Træfik as Kubernetes Ingress Controller on ARM with automatic TLS certificates

Traefik Kubernetes Ingress Controller documentation

A word about etcd as Traefik backend

It would have made sense to use etcd as backend to store the Let’s Encrypt SSL certificates as we already use it for the Kubernetes API service but there is still a bug (as of 20171016) which prevents us from doing so. Basically it works but we would not be able to automatically generate Let’s Encrypt certificates and store them in etcd. So as long as this bug exists we need something different to as a backend for Traefik and Consul by HashiCorp is a valid option for now (Update 20171126: Looks like the fix for the bug mentioned above is merged and will be in Traefik 1.5 according to this pull request: https://github.com/containous/traefik/pull/2407 Update 20171201: Traefik 1.5 RC1 is out and should work with etcd. Will update this blog post when I’ve tested it and have time ;-) ).

One of the blog posts above uses Kubernetes StatefulSets but I’ll stay with the Ansible route to install and manage Consul (as we did with etcd ). I think it’s a valid option to manage this kind of backend services outside of Kubernetes. If there is a problem with the Kubernetes setup I still want be able to handle all critical Kubernetes components (which could get interesting if e.g. kubectl doesn’t work anymore for whatever reason or you’ve authentication problems or whatever).

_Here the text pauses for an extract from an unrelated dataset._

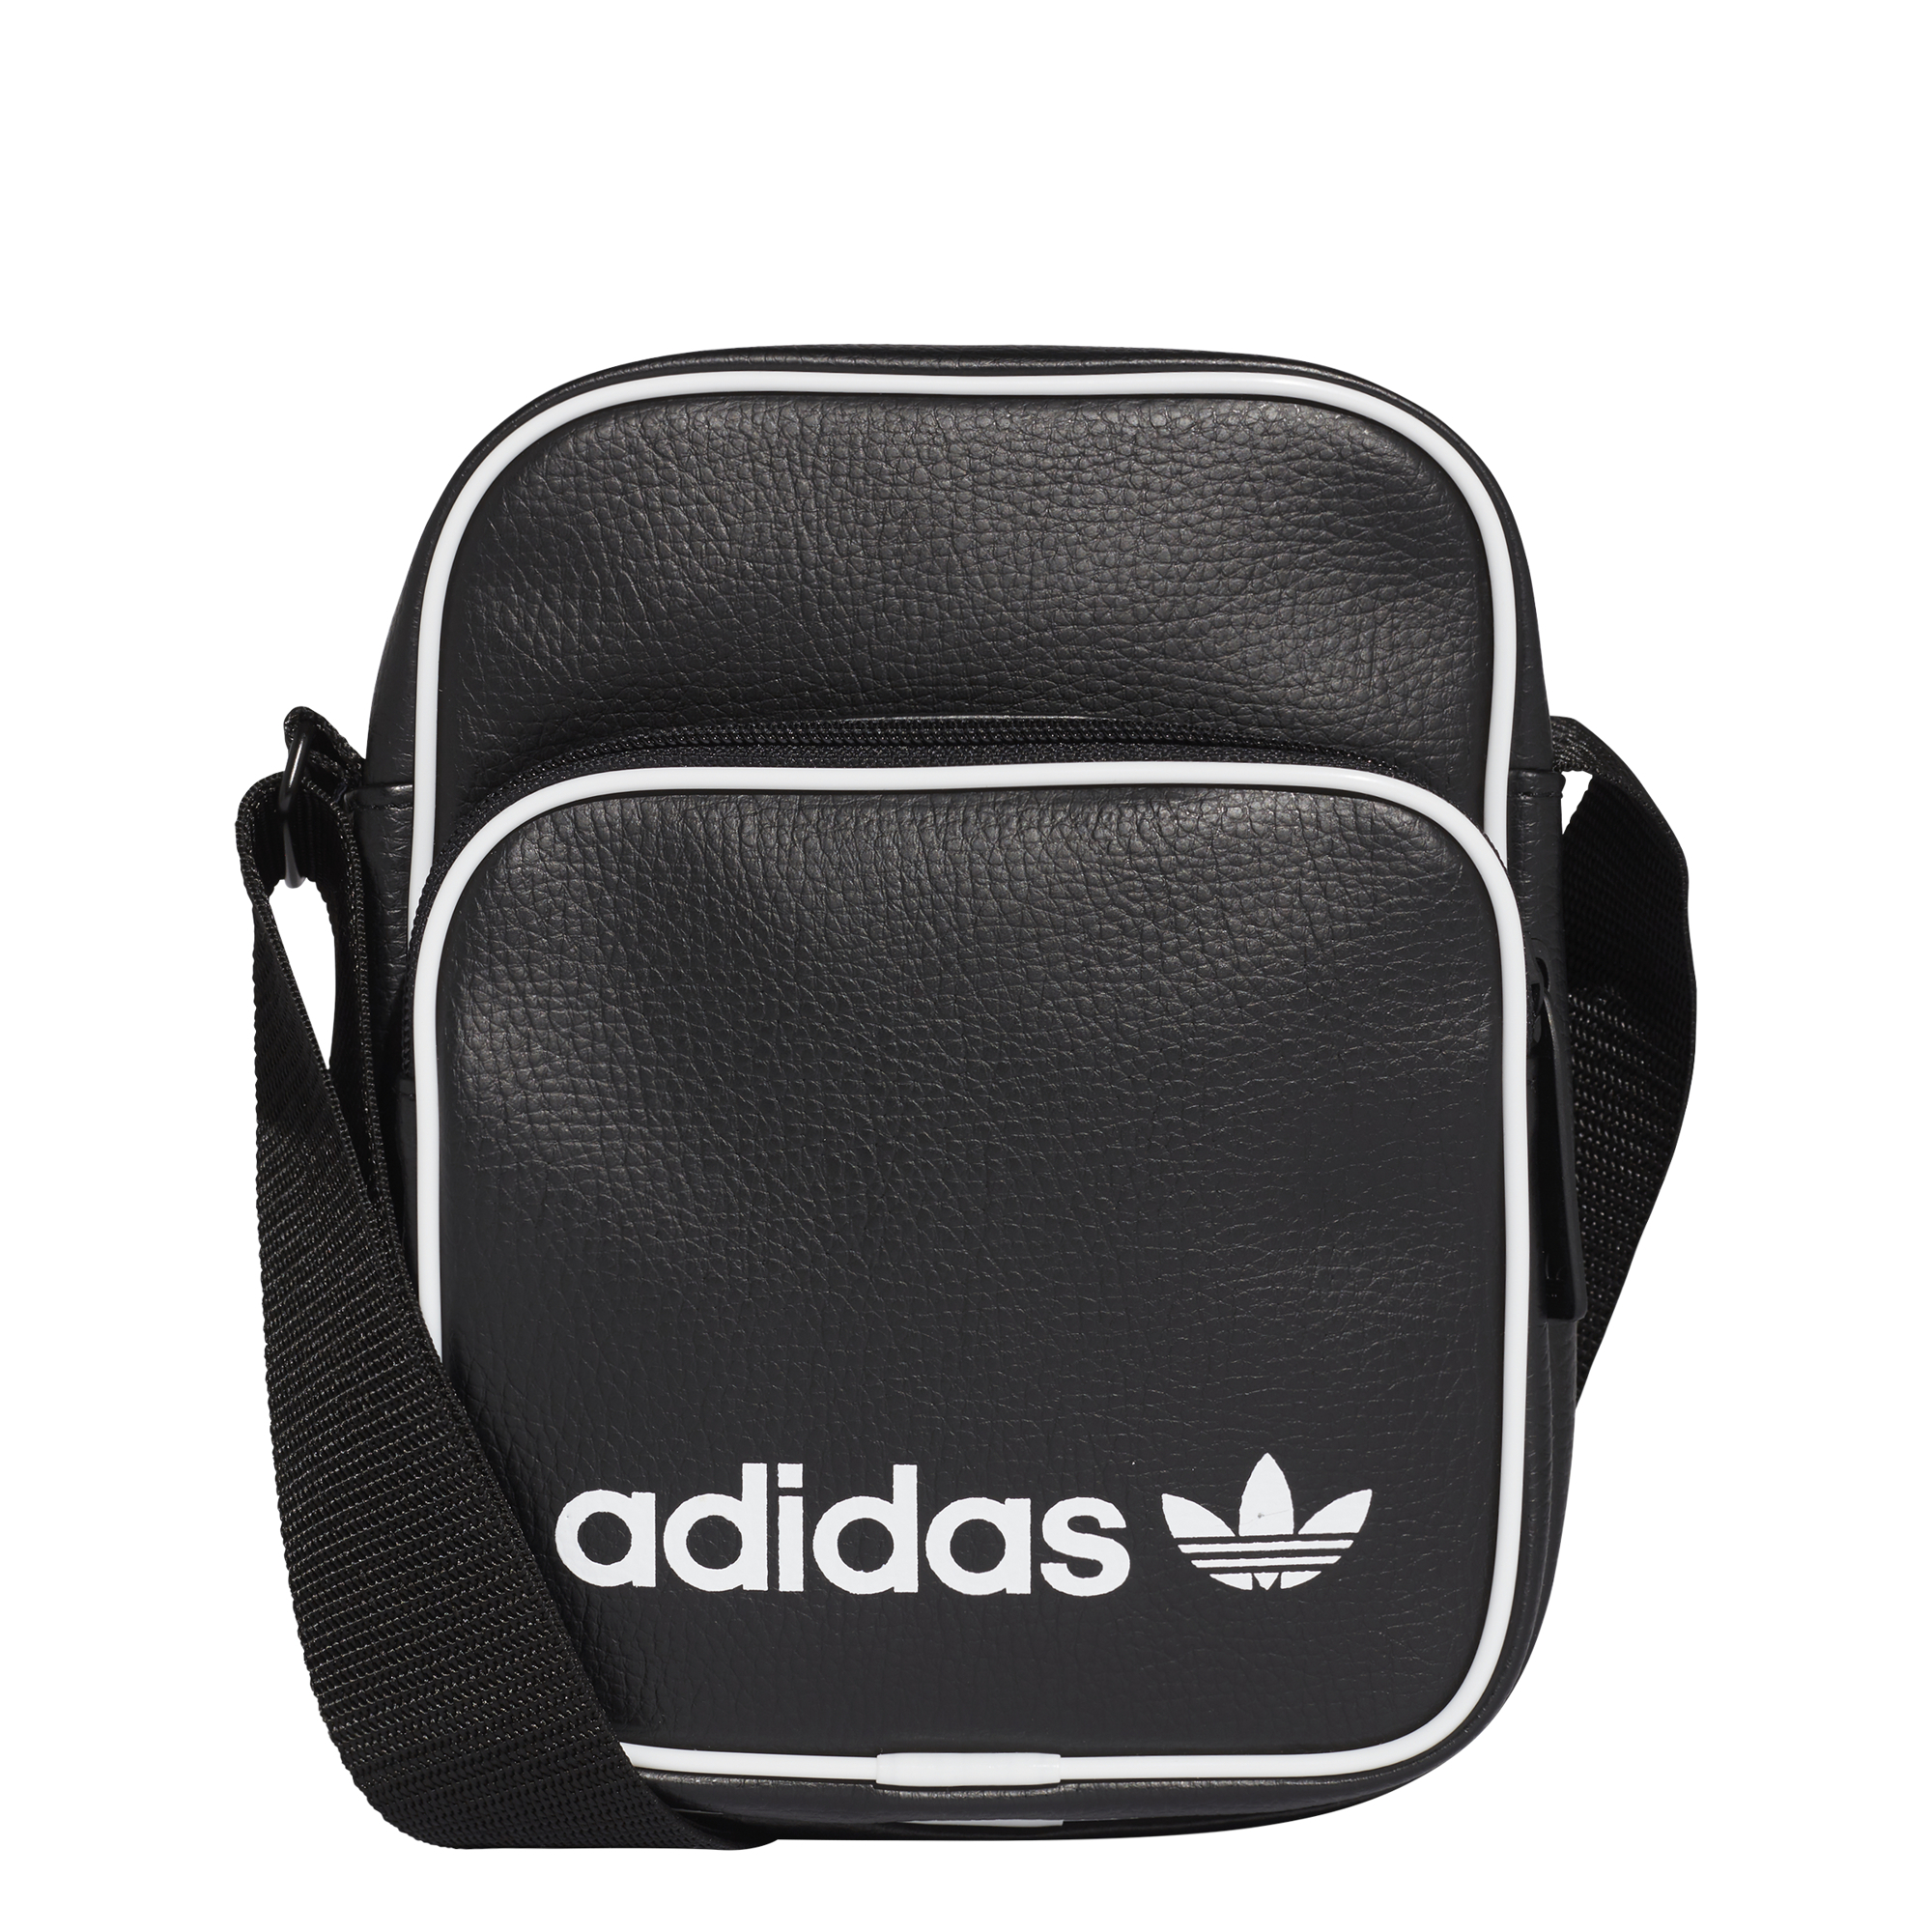 368ae55726f29 torebka adidas Mini Vintage DH1006 || timsport.pl - dodatkowe zniżki ...

Creating a certificate authority (CA) and certificates for Consul

The first thing we need is a certificate authority (CA) to issue and sign certificates for Consul. We need the certificates to secure the communication between the Consul members. Additionally we also need them to secure the communication from the clients (Traefik in our case) to the Consul members.

To make the task a little bit easier I’ve created a Ansible role. Install the role via

ansible-galaxy install githubixx.consul-ca

Now we need to define a few Ansible variables (put them in group_vars/all.yml or where it fits best for you):

# Where to store the CA and certificate files. By default this
# will expand to user's LOCAL $HOME (the user that run's "ansible-playbook ..."
# plus "/consul/ssl". That means if the user's $HOME directory is e.g.
# "/home/da_user" then "consul_ca_conf_directory" will have a value of
# "/home/da_user/consul/ssl".
consul_ca_conf_directory: "{{ '~/consul/ssl' | expanduser }}"

# The user who own's the certificate directory and files
consul_ca_certificate_owner: "root"
# The group which own's the certificate directory and files
consul_ca_certificate_group: "root"

# Expiry for Consul root certificate
ca_consul_expiry: "87600h"

#
# Certificate authority for Consul certificates
#
ca_consul_csr_cn: "Consul"
ca_consul_csr_key_algo: "rsa"
ca_consul_csr_key_size: "2048"
ca_consul_csr_names_c: "DE"
ca_consul_csr_names_l: "The_Internet"
ca_consul_csr_names_o: "Consul"
ca_consul_csr_names_ou: "BY"
ca_consul_csr_names_st: "Bayern"

#
# CSR parameter for Consul certificate
#
consul_csr_cn: "server.dc1.consul"
consul_csr_key_algo: "rsa"
consul_csr_key_size: "2048"
consul_csr_names_c: "DE"
consul_csr_names_l: "The_Internet"
consul_csr_names_o: "Consul"
consul_csr_names_ou: "BY"
consul_csr_names_st: "Bayern"

One note about consul_csr_cn: Consul want’s the certs to have server.<data_center>.consul as common name (cn) value (also see Consul: Adding TLS to Consul using Self Signed Certificates. So in Consul’s config.json you have a parameter datacenter (see below) which is often dc1 by default. E.g. if you have "datacenter": "par1" in Consul’s configuration specified the first value in consul_csr_cn should be server.par1.consul. You can specify additional common names afterwards separated by comma’s. Even wildcards are possible e.g. consul_csr_cn: "server.dc1.consul,*.example.com" but still the first value should be as mentioned.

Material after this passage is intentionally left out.